▸ **Given entries**
____

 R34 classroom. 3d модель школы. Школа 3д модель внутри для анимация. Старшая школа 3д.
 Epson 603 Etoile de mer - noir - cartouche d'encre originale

____

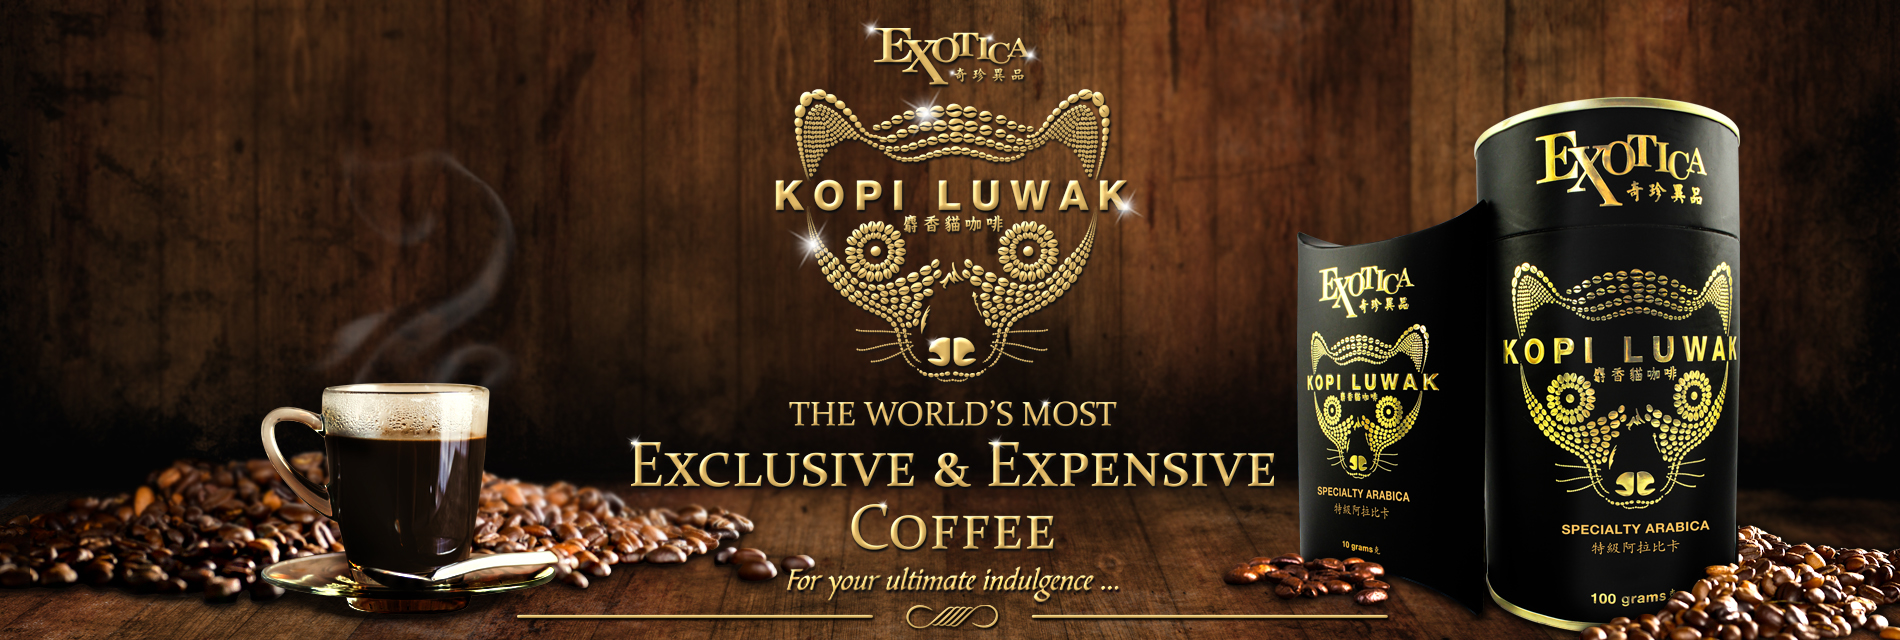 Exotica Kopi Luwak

____

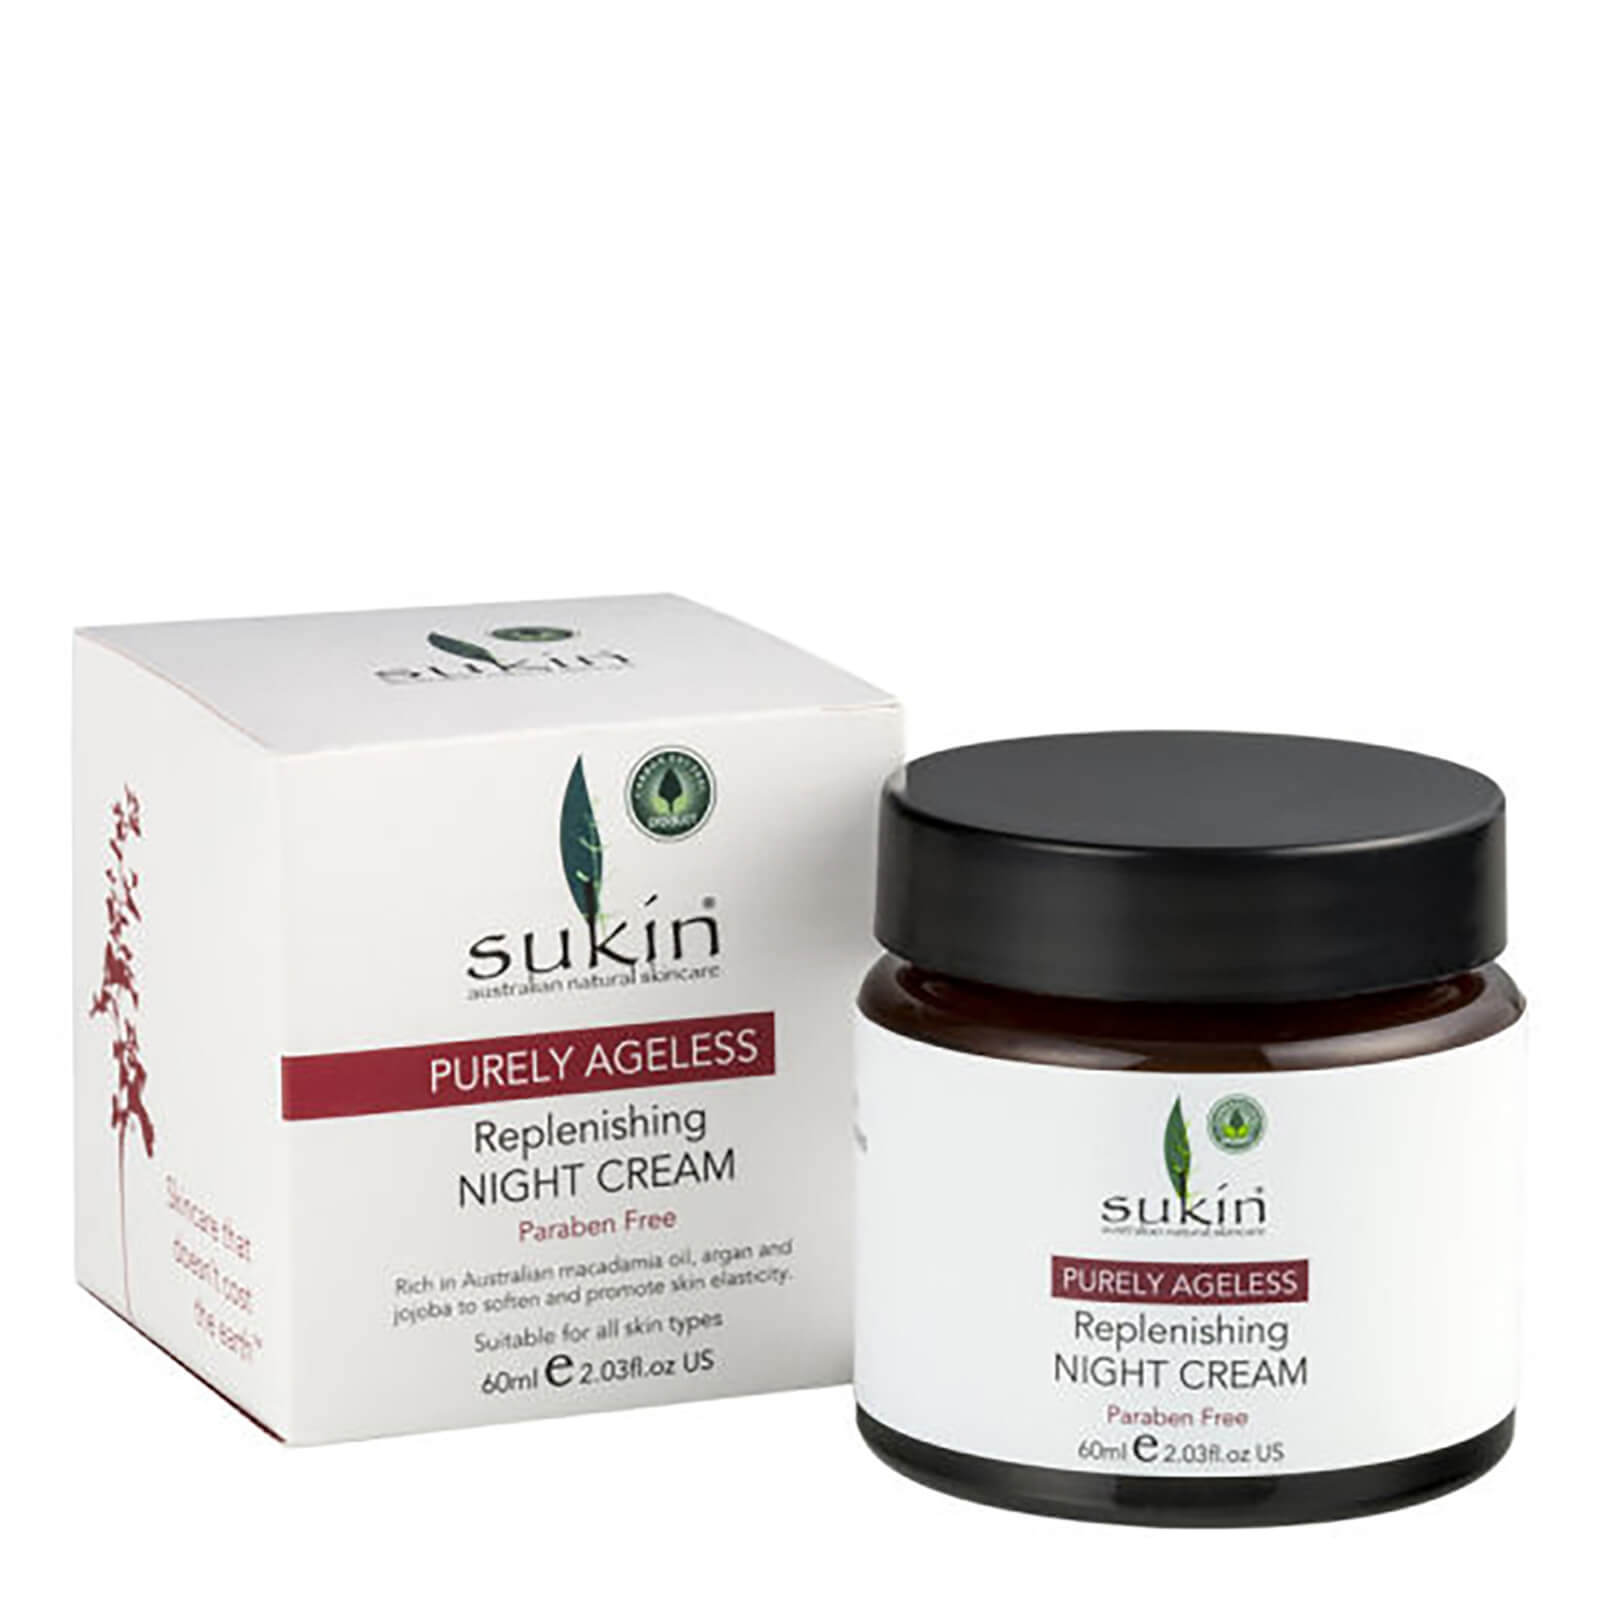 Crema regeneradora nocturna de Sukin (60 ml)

____

▸ **Assigned task**
Produce only the lines from the line containing "R34 classroom. 3d" through the line containing "Epson 603 Etoile", inclusive of both, exactly as they stand in the entries above.

▸ **Answer section**
 R34 classroom. 3d модель школы. Школа 3д модель внутри для анимация. Старшая школа 3д.
 Epson 603 Etoile de mer - noir - cartouche d'encre originale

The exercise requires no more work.